সোমবার, ২২ জুলাই, ২০১৩

X company is considering dropping one of its product lines. What cost of product line would be relevant to decision? Irrelevant?



If x company mention these follows reason then it may relevant with decision.  Every decision involves a choice from among at least two alternatives. The costs and benefits of the alternatives should be compared when making the decision.
1. Identifying relevant costs. A relevant cost or benefit is a cost or benefit that differs between alternatives. Differential costs are relevant costs. Any cost or benefit that does not differ between alternatives is irrelevant and can be ignored in a decision. This is a tremendously powerful concept that allows us to ignore mounds of data when making decisions since most things are not affected by any given decision.
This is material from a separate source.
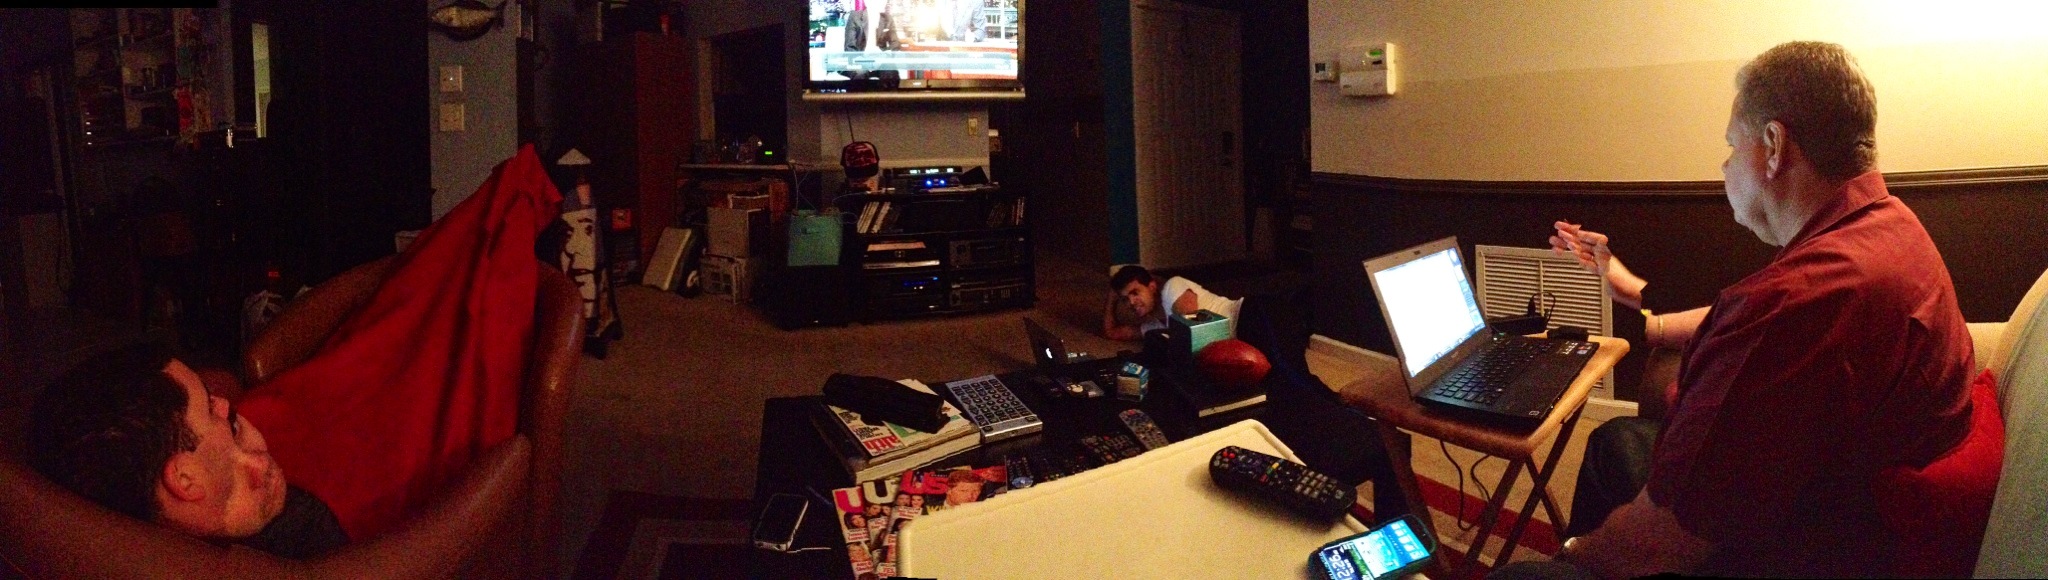 iOS 6 Panorama feature slicing dave's hand

a. All sunk costs (i.e., costs already irrevocably incurred) are irrelevant since they will be the same for any alternative. All future costs that do not differ between alternatives are irrelevant.
b. Any cost that is avoidable is potentially relevant. An avoidable cost is a cost that can be eliminated (in whole or in part) as a result of choosing one alternative over another.
c. When making a decision, eliminate all irrelevant costs. Make the decision based on the remaining, relevant costs.
2. If irrelevant. Costs that are relevant in one decision situation are not necessarily relevant in another. In each situation the manager must examine the data and isolate the relevant costs.
                                               
NOTE: Don't develop incorrect rules of thumbs for identifying relevant costs. One such popular thumb-rule is that variable costs are relevant and fixed costs are irrelevant. This thumb-rule is wrong. The fixed costs that differ between alternatives and that are therefore relevant.